Brüssel/Berlin (AFP/taz) – Gestern abend sollte es soweit sein: In Brüssel wollten die Außenminister der Europäischen Union beschließen, was seit gut zwei Jahrzehnten auf der Tagesordnung steht: die Zollunion mit der Türkei. Am Freitag abend war es gelungen, Griechenland endgültig zu überzeugen, sein Veto gegen das Abkommen mit der Türkei zurückzuziehen. Zugesichert wurde, Verhandlungen über den Beitritt Zyperns zur EU spätestens sechs Monate nach dem Ende der Maastricht-Revisionsverhandlungen 1996 zu beginnen. Nur nach der Zusage, den Zypern-Beitritt im Gegenzug zur Zollunion voranzubringen, war auf Regierungsebene der Durchbruch gelungen. Die Zollunion ist die höchste Stufe der Zusammenarbeit unterhalb der Vollmitgliedschaft.

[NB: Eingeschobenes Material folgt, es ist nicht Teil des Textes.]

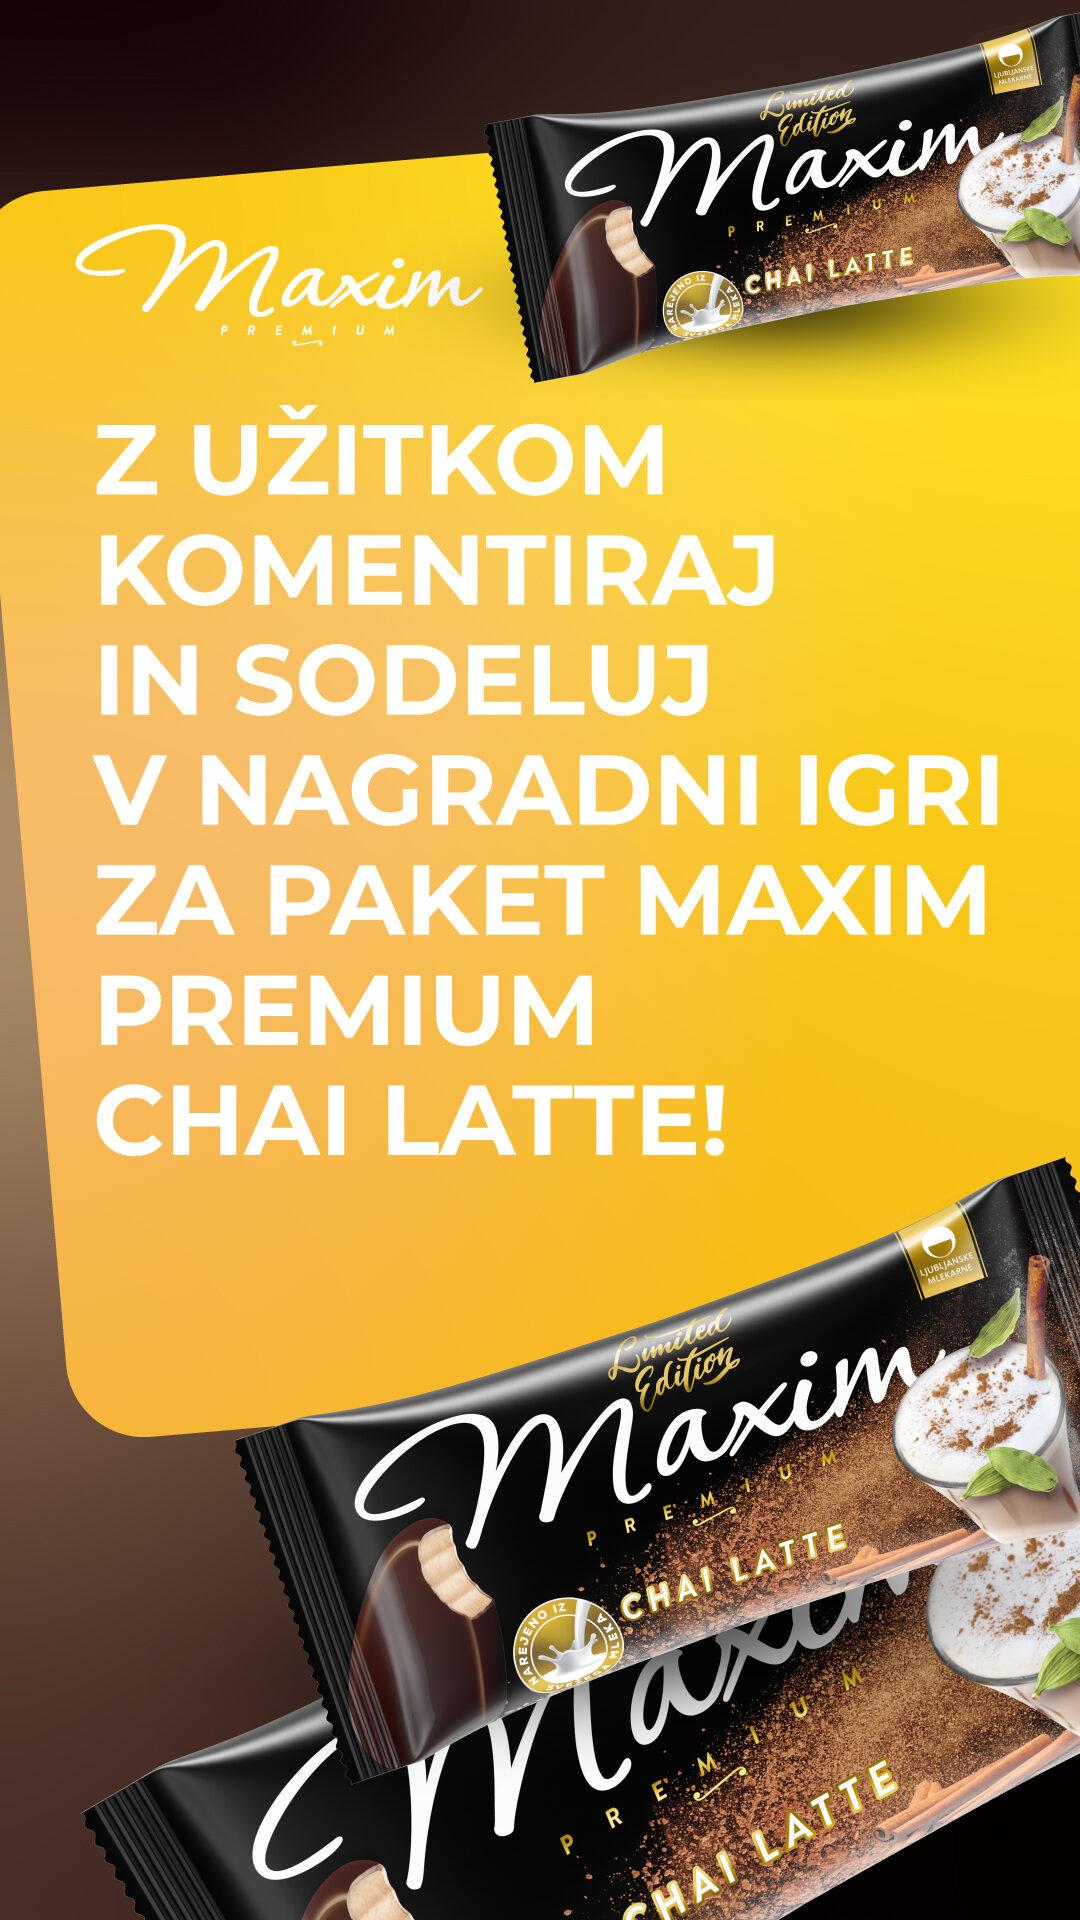 ImagoBold_Maxim_FB_NI_spletna_stran_23062021

Fraglich bleibt jedoch, ob das Abkommen tatsächlich pünktlich in Kraft treten kann, denn es muß noch durch das Europaparlament ratifiziert werden, und dort war am 16. Februar mit großer Mehrheit eine Resolution verabschiedet worden, in der die Zollunion mit der Türkei unter Verweis auf die Menschenrechtslage dezidiert abgelehnt wird. Am Freitag hatte Parlamentspräsident Klaus Hänsch noch einmal wiederholt, ohne Verbesserungen der Menschenrechtslage sehe er kaum Chancen für eine Zustimmung. Die Grünen-Europa-Abgeordnete Claudia Roth erklärte gestern, das Ja zur Zollunion mit der Türkei sei ein Affront gegen alle, die sich für die Einhaltung der Menschenrechte und die Demokratisierung in der Türkei einsetzten. Auch die Organisation „Reporter ohne Grenzen“ kritisierte, die EU könne kein Abkommen mit einem Land schließen, in dem allein letztes Jahr 145 Pressemitarbeiter festgenommen und zum Teil zu langen Haftstrafen verurteilt worden seien. Die Bundesregierung hingegen begrüßte das nähere Zusammenrücken zwischen EU und dem „strategisch bedeutsamen Partner Türkei“, so Staatsminister Werner Hoyer (FDP).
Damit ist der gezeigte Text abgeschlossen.